Any help is appreciated!
Sample data.
# in reality, this dataset has about 160k rows and columns
# (square matrix), and is about 100GB
df = {
"A": [None, 2, 3],
"B": [None, None, 2],
"C": [None, None, None],
"names": ["A", "B", "C"]
}
df = pl.DataFrame(df)
df.unpivot(index = "names", variable_name = "names_2", value_name = "distance")
Output.
shape: (9, 3)
┌───────┬─────────┬──────────┐
│ names ┆ names_2 ┆ distance │
│ --- ┆ --- ┆ --- │
│ str ┆ str ┆ i64 │
╞═══════╪═════════╪══════════╡
│ A ┆ A ┆ null │
│ B ┆ A ┆ null │
│ C ┆ A ┆ null │
│ A ┆ B ┆ 2 │
│ B ┆ B ┆ null │
│ C ┆ B ┆ null │
│ A ┆ C ┆ 3 │
│ B ┆ C ┆ 2 │
│ C ┆ C ┆ null │
└───────┴─────────┴──────────┘
This could then be filtered (e.g. using df = df.drop_nulls()

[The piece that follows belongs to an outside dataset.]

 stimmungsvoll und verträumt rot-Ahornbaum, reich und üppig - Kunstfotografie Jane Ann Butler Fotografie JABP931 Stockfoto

), but I would like to get this desired result directly from the unpivot.
Expected output.
shape: (3, 3)
┌───────┬─────────┬──────────┐
│ names ┆ names_2 ┆ distance │
│ --- ┆ --- ┆ --- │
│ str ┆ str ┆ i64 │
╞═══════╪═════════╪══════════╡
│ A ┆ B ┆ 2 │
│ A ┆ C ┆ 3 │
│ B ┆ C ┆ 2 │
└───────┴─────────┴──────────┘
Very likely you can make the operation more efficient in runtime and memory consumption by using pl.LazyFrames
and polars' streaming engine.
By using pl.LazyFrames
, the melt
/ unpivot
and filter
/ drop_nulls
won't be operations eagerly, but first aggregated into a query plan. When collecting the lazy DataFrame (i.e. materialising it into a pl.DataFrame
), the query plan can be optimised, taking into account subsequent operations.

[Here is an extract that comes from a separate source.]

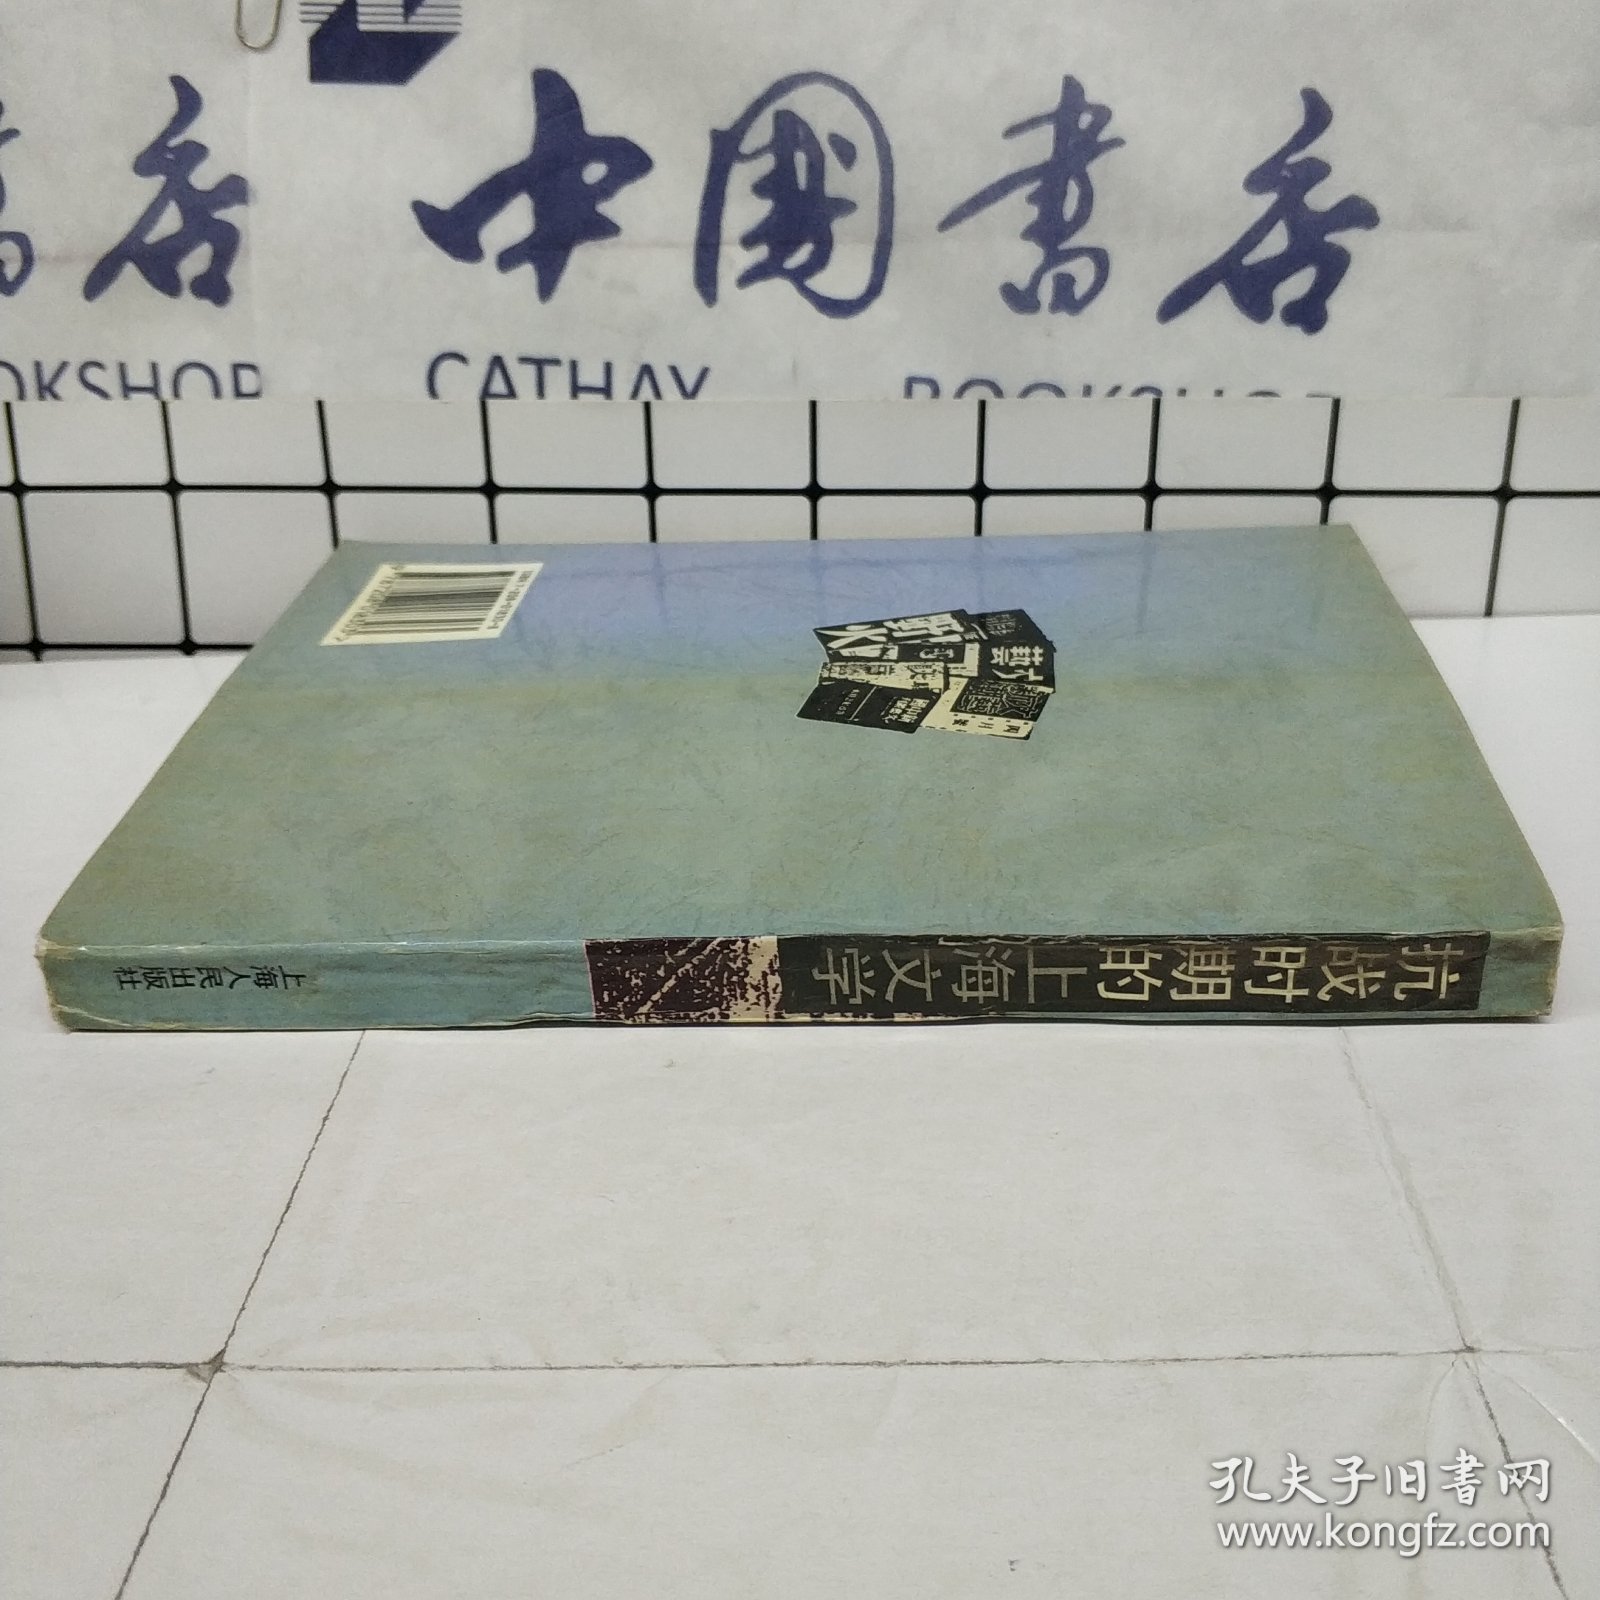 抗战时期的上海文学k2
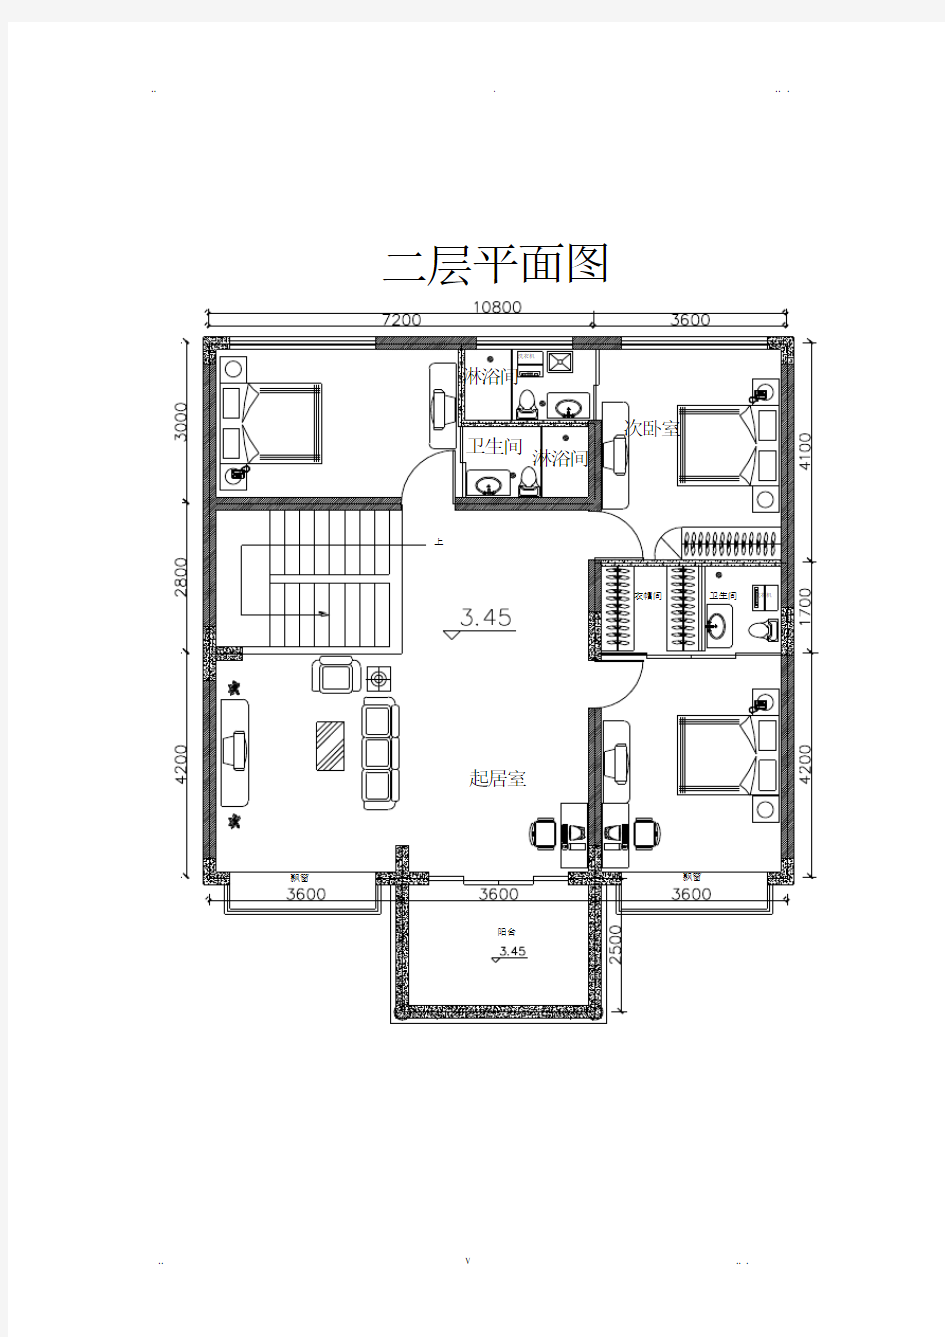 房屋设计平面图CAD图

Streaming will enable the processing to not done all-at-once, but executed in batches, ensuring that the processed batches don't grow larger-than-memory.
(
df
# convert to pl.LazyFrame
.lazy()
# create query plan
.unpivot(
index="names",
variable_name="names_2",
value_name="distance"
)
.drop_nulls()
# collect pl.LazyFrame while using streaming engine
.collect(streaming=True)
)
Note. Tentative tests on my machine give large improvements in runtime and memory consumptions.